Start of Source material
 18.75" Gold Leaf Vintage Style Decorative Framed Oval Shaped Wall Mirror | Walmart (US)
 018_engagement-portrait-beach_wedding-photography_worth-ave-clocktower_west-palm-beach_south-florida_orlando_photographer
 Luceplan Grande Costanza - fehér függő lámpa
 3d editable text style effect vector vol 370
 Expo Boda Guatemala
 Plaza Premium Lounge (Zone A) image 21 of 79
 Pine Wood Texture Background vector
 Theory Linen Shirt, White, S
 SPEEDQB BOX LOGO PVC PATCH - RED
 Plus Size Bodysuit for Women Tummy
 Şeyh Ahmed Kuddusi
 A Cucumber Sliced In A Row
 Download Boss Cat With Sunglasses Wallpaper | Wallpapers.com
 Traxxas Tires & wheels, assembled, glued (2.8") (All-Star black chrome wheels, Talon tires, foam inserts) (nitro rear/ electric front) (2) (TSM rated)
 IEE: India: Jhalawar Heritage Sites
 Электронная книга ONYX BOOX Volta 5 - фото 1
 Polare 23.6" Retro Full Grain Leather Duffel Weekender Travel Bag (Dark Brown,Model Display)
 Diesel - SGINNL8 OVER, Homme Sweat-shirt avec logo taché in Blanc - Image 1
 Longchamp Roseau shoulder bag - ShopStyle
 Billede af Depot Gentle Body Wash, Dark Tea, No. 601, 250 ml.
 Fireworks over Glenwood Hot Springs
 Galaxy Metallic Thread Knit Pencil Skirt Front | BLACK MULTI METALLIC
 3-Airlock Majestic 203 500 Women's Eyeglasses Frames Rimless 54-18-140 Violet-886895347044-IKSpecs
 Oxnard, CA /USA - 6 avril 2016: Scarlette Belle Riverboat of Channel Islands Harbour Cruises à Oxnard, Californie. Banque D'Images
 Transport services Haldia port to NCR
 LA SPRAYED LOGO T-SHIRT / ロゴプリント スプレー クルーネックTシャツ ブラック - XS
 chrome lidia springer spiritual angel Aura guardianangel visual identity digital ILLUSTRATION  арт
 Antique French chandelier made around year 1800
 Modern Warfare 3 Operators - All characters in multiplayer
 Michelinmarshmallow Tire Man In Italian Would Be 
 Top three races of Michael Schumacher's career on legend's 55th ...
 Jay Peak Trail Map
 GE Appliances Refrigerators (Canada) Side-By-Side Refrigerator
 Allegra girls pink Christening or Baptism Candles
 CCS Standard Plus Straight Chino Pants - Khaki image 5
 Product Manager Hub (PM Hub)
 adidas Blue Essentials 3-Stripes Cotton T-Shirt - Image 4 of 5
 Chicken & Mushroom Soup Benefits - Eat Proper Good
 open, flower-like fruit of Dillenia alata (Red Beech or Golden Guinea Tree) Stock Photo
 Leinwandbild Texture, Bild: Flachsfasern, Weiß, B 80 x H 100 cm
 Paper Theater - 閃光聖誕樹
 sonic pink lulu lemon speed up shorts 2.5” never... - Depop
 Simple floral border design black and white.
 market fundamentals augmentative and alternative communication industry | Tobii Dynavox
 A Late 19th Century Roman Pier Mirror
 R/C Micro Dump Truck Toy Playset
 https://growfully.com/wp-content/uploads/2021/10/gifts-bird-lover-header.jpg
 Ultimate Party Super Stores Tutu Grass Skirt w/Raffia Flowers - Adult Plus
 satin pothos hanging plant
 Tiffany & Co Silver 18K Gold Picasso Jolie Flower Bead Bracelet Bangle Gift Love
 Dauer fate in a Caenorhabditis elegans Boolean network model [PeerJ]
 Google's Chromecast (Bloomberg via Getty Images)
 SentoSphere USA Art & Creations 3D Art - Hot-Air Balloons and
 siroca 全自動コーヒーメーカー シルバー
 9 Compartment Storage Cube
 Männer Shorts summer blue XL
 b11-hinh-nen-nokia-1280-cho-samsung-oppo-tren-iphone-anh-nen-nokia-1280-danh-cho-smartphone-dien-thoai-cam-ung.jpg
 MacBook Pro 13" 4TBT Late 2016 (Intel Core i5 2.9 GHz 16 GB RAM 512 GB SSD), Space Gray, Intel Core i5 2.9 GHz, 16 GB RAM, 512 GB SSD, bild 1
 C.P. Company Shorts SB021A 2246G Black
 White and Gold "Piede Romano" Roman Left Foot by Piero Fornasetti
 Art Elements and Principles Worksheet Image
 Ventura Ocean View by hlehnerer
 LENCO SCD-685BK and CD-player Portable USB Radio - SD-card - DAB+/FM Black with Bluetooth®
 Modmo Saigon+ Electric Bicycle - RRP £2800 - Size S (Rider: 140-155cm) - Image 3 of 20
End of Source material
* Exercise directions
A complete, exact transcription of the data above is the required answer.

* Answer for the task
 18.75" Gold Leaf Vintage Style Decorative Framed Oval Shaped Wall Mirror | Walmart (US)
 018_engagement-portrait-beach_wedding-photography_worth-ave-clocktower_west-palm-beach_south-florida_orlando_photographer
 Luceplan Grande Costanza - fehér függő lámpa
 3d editable text style effect vector vol 370
 Expo Boda Guatemala
 Plaza Premium Lounge (Zone A) image 21 of 79
 Pine Wood Texture Background vector
 Theory Linen Shirt, White, S
 SPEEDQB BOX LOGO PVC PATCH - RED
 Plus Size Bodysuit for Women Tummy
 Şeyh Ahmed Kuddusi
 A Cucumber Sliced In A Row
 Download Boss Cat With Sunglasses Wallpaper | Wallpapers.com
 Traxxas Tires & wheels, assembled, glued (2.8") (All-Star black chrome wheels, Talon tires, foam inserts) (nitro rear/ electric front) (2) (TSM rated)
 IEE: India: Jhalawar Heritage Sites
 Электронная книга ONYX BOOX Volta 5 - фото 1
 Polare 23.6" Retro Full Grain Leather Duffel Weekender Travel Bag (Dark Brown,Model Display)
 Diesel - SGINNL8 OVER, Homme Sweat-shirt avec logo taché in Blanc - Image 1
 Longchamp Roseau shoulder bag - ShopStyle
 Billede af Depot Gentle Body Wash, Dark Tea, No. 601, 250 ml.
 Fireworks over Glenwood Hot Springs
 Galaxy Metallic Thread Knit Pencil Skirt Front | BLACK MULTI METALLIC
 3-Airlock Majestic 203 500 Women's Eyeglasses Frames Rimless 54-18-140 Violet-886895347044-IKSpecs
 Oxnard, CA /USA - 6 avril 2016: Scarlette Belle Riverboat of Channel Islands Harbour Cruises à Oxnard, Californie. Banque D'Images
 Transport services Haldia port to NCR
 LA SPRAYED LOGO T-SHIRT / ロゴプリント スプレー クルーネックTシャツ ブラック - XS
 chrome lidia springer spiritual angel Aura guardianangel visual identity digital ILLUSTRATION  арт
 Antique French chandelier made around year 1800
 Modern Warfare 3 Operators - All characters in multiplayer
 Michelinmarshmallow Tire Man In Italian Would Be 
 Top three races of Michael Schumacher's career on legend's 55th ...
 Jay Peak Trail Map
 GE Appliances Refrigerators (Canada) Side-By-Side Refrigerator
 Allegra girls pink Christening or Baptism Candles
 CCS Standard Plus Straight Chino Pants - Khaki image 5
 Product Manager Hub (PM Hub)
 adidas Blue Essentials 3-Stripes Cotton T-Shirt - Image 4 of 5
 Chicken & Mushroom Soup Benefits - Eat Proper Good
 open, flower-like fruit of Dillenia alata (Red Beech or Golden Guinea Tree) Stock Photo
 Leinwandbild Texture, Bild: Flachsfasern, Weiß, B 80 x H 100 cm
 Paper Theater - 閃光聖誕樹
 sonic pink lulu lemon speed up shorts 2.5” never... - Depop
 Simple floral border design black and white.
 market fundamentals augmentative and alternative communication industry | Tobii Dynavox
 A Late 19th Century Roman Pier Mirror
 R/C Micro Dump Truck Toy Playset
 https://growfully.com/wp-content/uploads/2021/10/gifts-bird-lover-header.jpg
 Ultimate Party Super Stores Tutu Grass Skirt w/Raffia Flowers - Adult Plus
 satin pothos hanging plant
 Tiffany & Co Silver 18K Gold Picasso Jolie Flower Bead Bracelet Bangle Gift Love
 Dauer fate in a Caenorhabditis elegans Boolean network model [PeerJ]
 Google's Chromecast (Bloomberg via Getty Images)
 SentoSphere USA Art & Creations 3D Art - Hot-Air Balloons and
 siroca 全自動コーヒーメーカー シルバー
 9 Compartment Storage Cube
 Männer Shorts summer blue XL
 b11-hinh-nen-nokia-1280-cho-samsung-oppo-tren-iphone-anh-nen-nokia-1280-danh-cho-smartphone-dien-thoai-cam-ung.jpg
 MacBook Pro 13" 4TBT Late 2016 (Intel Core i5 2.9 GHz 16 GB RAM 512 GB SSD), Space Gray, Intel Core i5 2.9 GHz, 16 GB RAM, 512 GB SSD, bild 1
 C.P. Company Shorts SB021A 2246G Black
 White and Gold "Piede Romano" Roman Left Foot by Piero Fornasetti
 Art Elements and Principles Worksheet Image
 Ventura Ocean View by hlehnerer
 LENCO SCD-685BK and CD-player Portable USB Radio - SD-card - DAB+/FM Black with Bluetooth®
 Modmo Saigon+ Electric Bicycle - RRP £2800 - Size S (Rider: 140-155cm) - Image 3 of 20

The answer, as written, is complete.